File: molmod/examples/001_molecules/e_shape.py

#!/usr/bin/env python

from __future__ import print_function

from molmod import *

from numpy import dot, sqrt
from numpy.linalg import eigvalsh


# 0) Load the molecule.
mol = Molecule.from_file("ibuprofen.sdf")

# 1) Compute the arithmetic center of the atomic coordinates.
center = mol.coordinates.mean(axis=0)
# Without the axis=0 argument, the average over all X, Y and Z components would
# be computed. Now it just computes the averages for each column. axis=1 would
# refer to averaging over rows.

# 2) Move the arithmetic center of the coordinates to the origin. The same
# comments from the b_com.py apply.
centered = mol.coordinates - mol.coordinates.mean(axis=0)

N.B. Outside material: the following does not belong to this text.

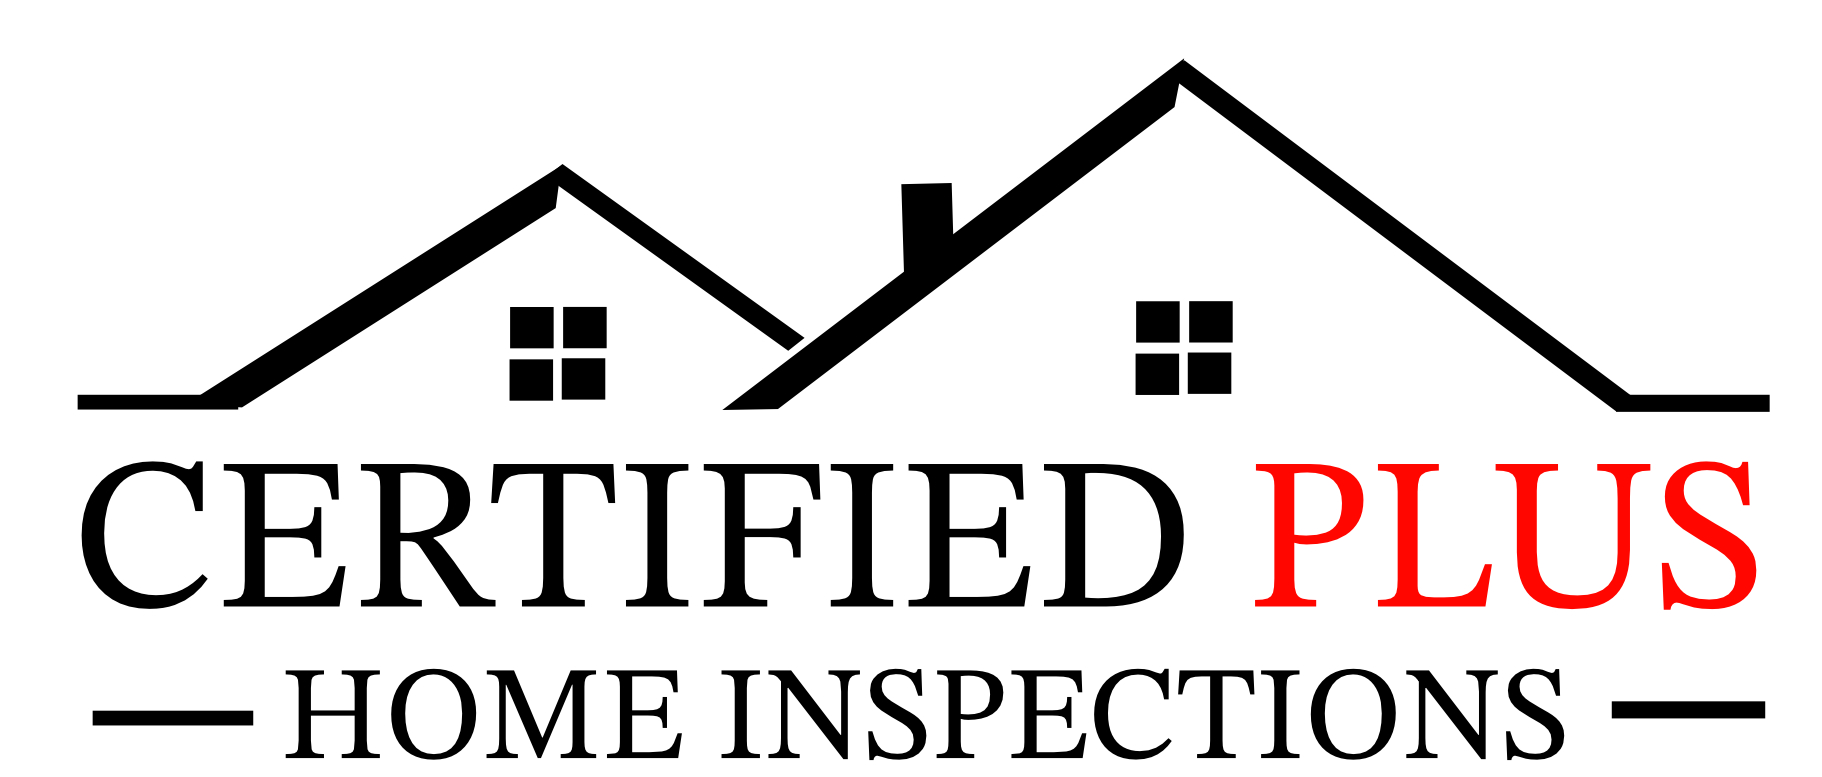 Certified Plus Home Inspections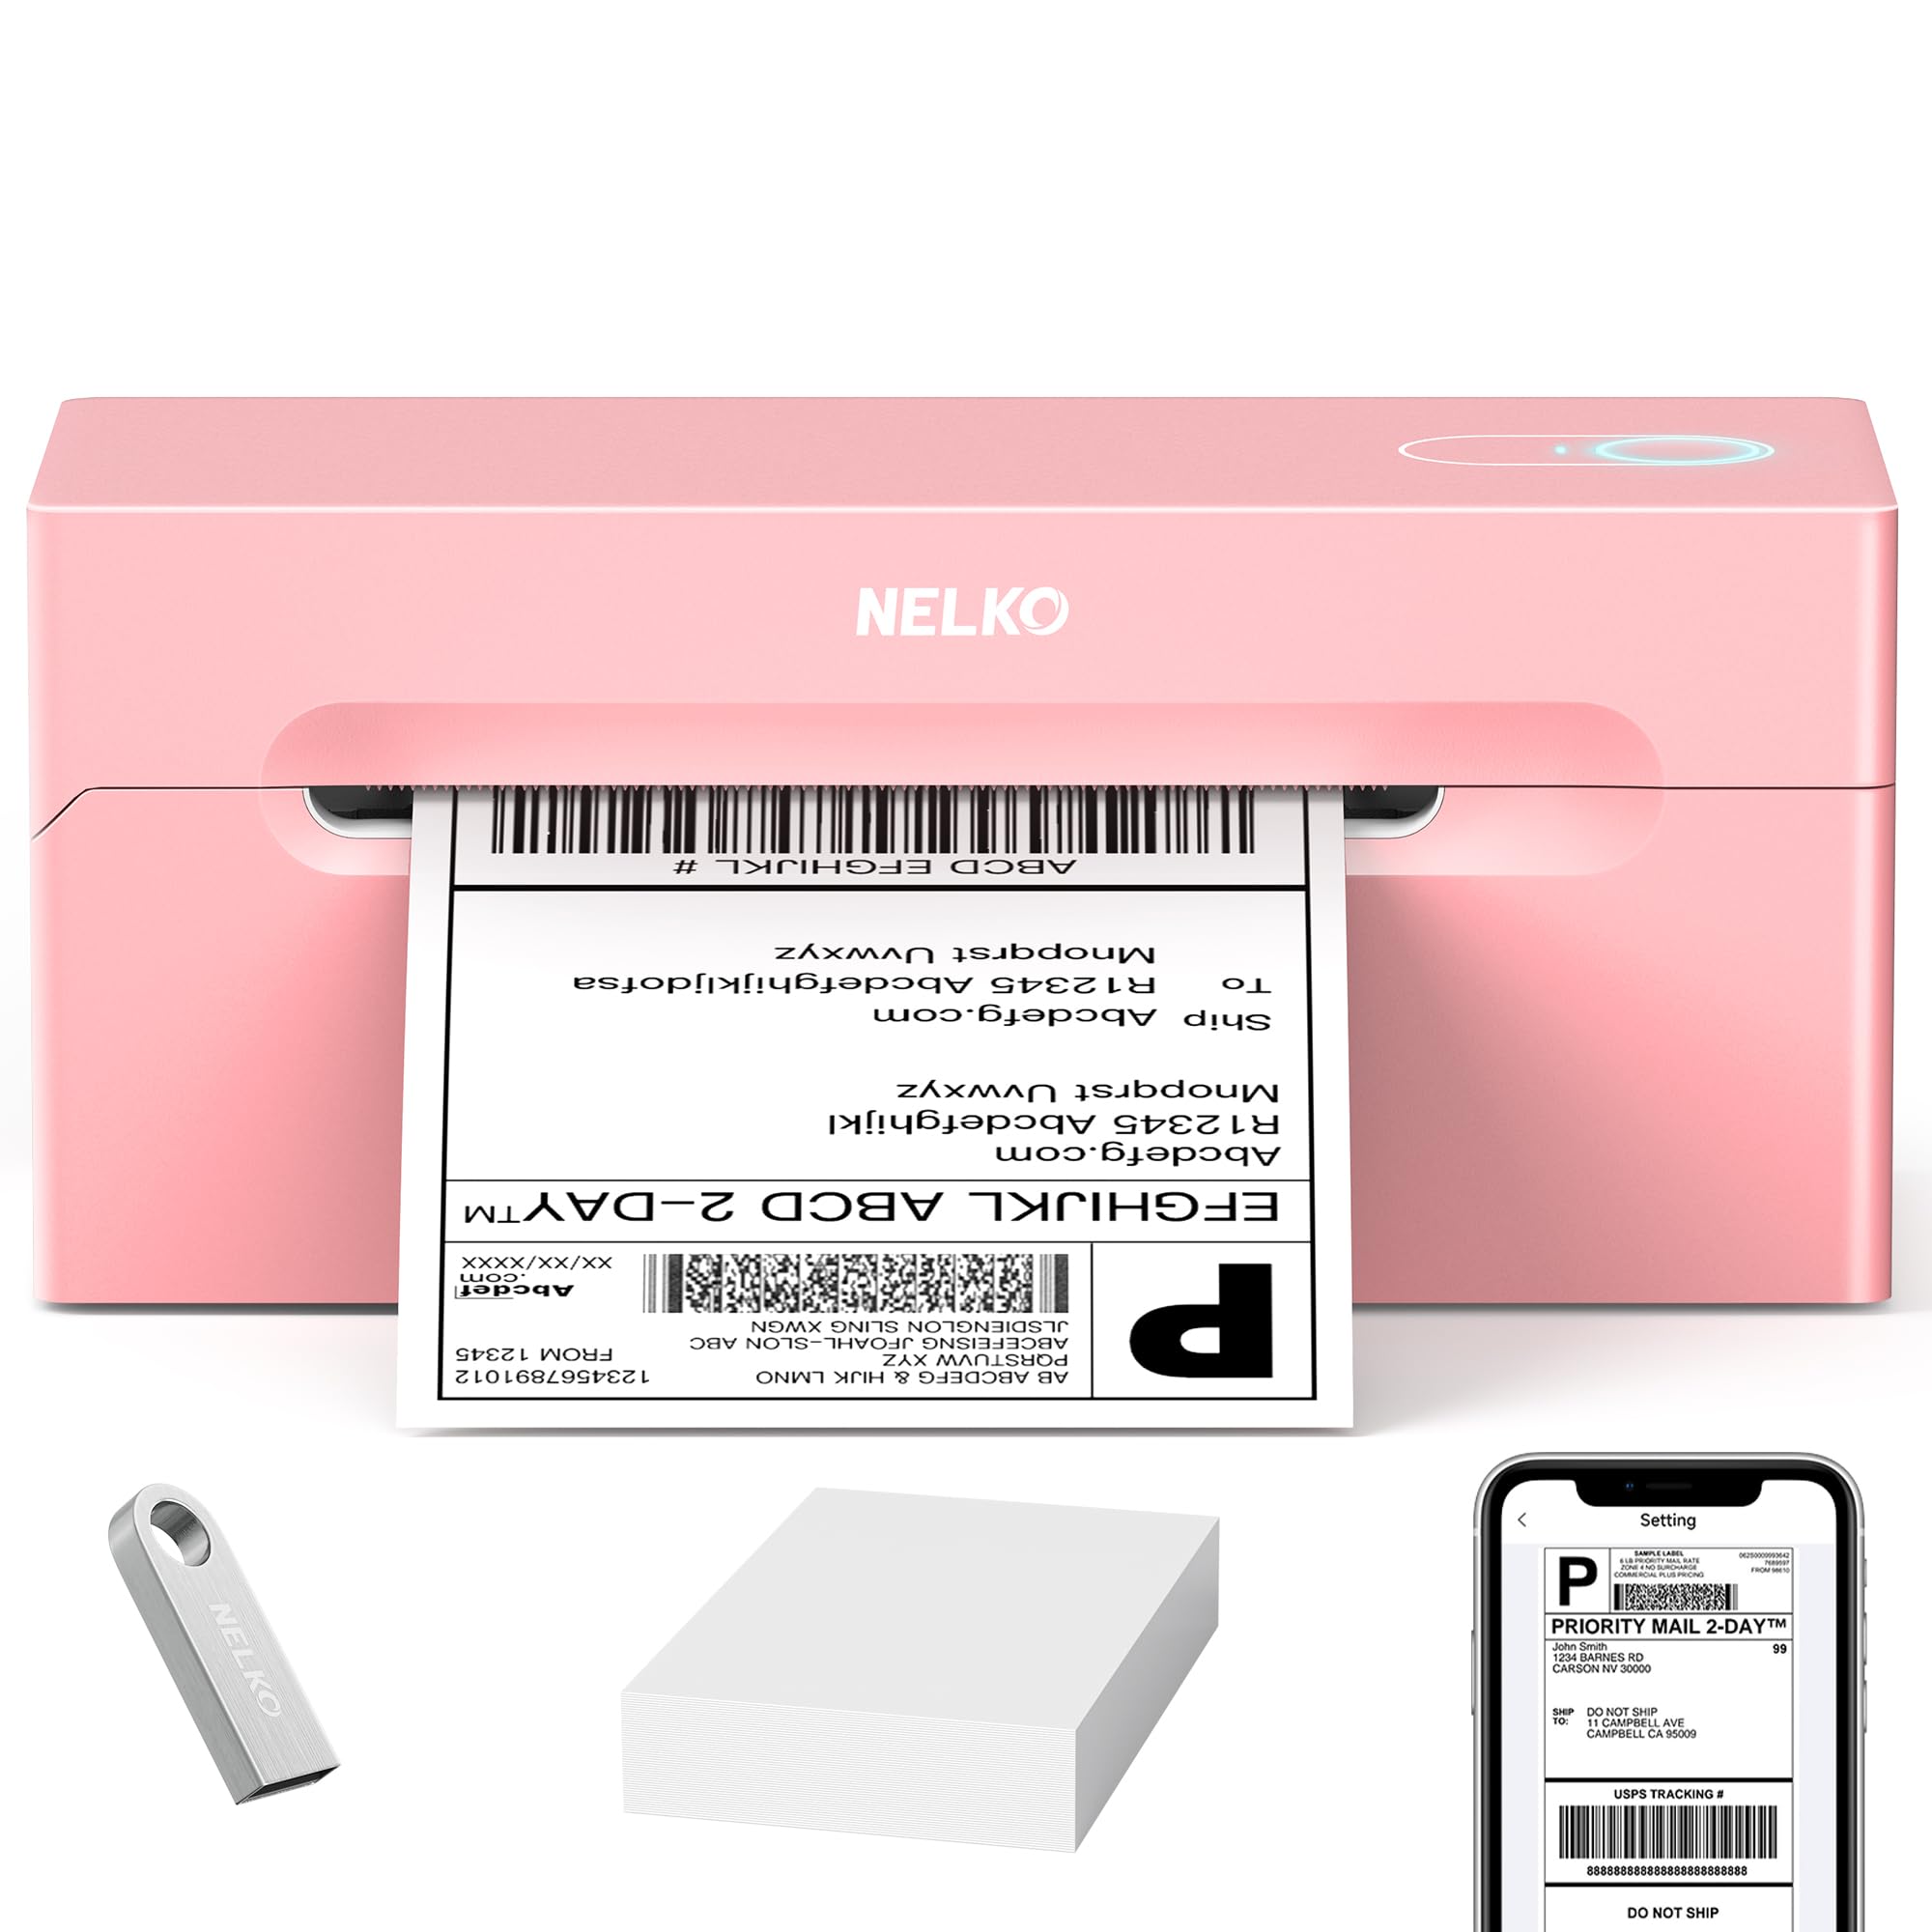 Nelko Bluetooth Thermal Shipping Label Printer PL70e(Pink

# 3) Compute the covariance matrix of the centered coordinates.
covar = dot(centered.transpose(), centered)/mol.size

# 4) Compute the eigenvalues of the symmetric covariance matrix.
evals = eigvalsh(covar)

# 5) The spread along the three eigenvectors is computed as the standard deviation
# of the atomic coordinates along that direction:
c, b, a = sqrt(evals)
print("Spread along the long axis [A]:", a/angstrom)
print("Spread along the intermediate axis [A]:", b/angstrom)
print("Spread along the short axis [A]:", c/angstrom)

# 6) Test in which category this shape belongs. The factor R is set to 1.5.
R = 1.5
if b < R*c:
    if a < R*b:
        shape = 'equant' # sphere-like
    else:
        shape = 'prolate' # sigar-like
else:
    if a < R*b:
        shape = 'oblate' # pancake-like
    else:
        shape = 'bladed' # keyboard-like
print("The shape category:", shape)

Problems

  • Write a program that makes a list of all (unique) pairs of Carbon atoms that have an inter-atomic distance below 2.0 Ångström.

  • Try to find for each shape category (equant, prolate, oblate and bladed) some molecules from PubChem. Just download a bunch of SDF files and use the glob module from Python to loop over all these files:

    from glob import glob
    for fn in glob("*.sdf"):
        mol = Molecule.from_file(fn)
        # do something here
    

    If you feel lucky, extend to program so that it downloads the first 100 molecules from the PubChem database.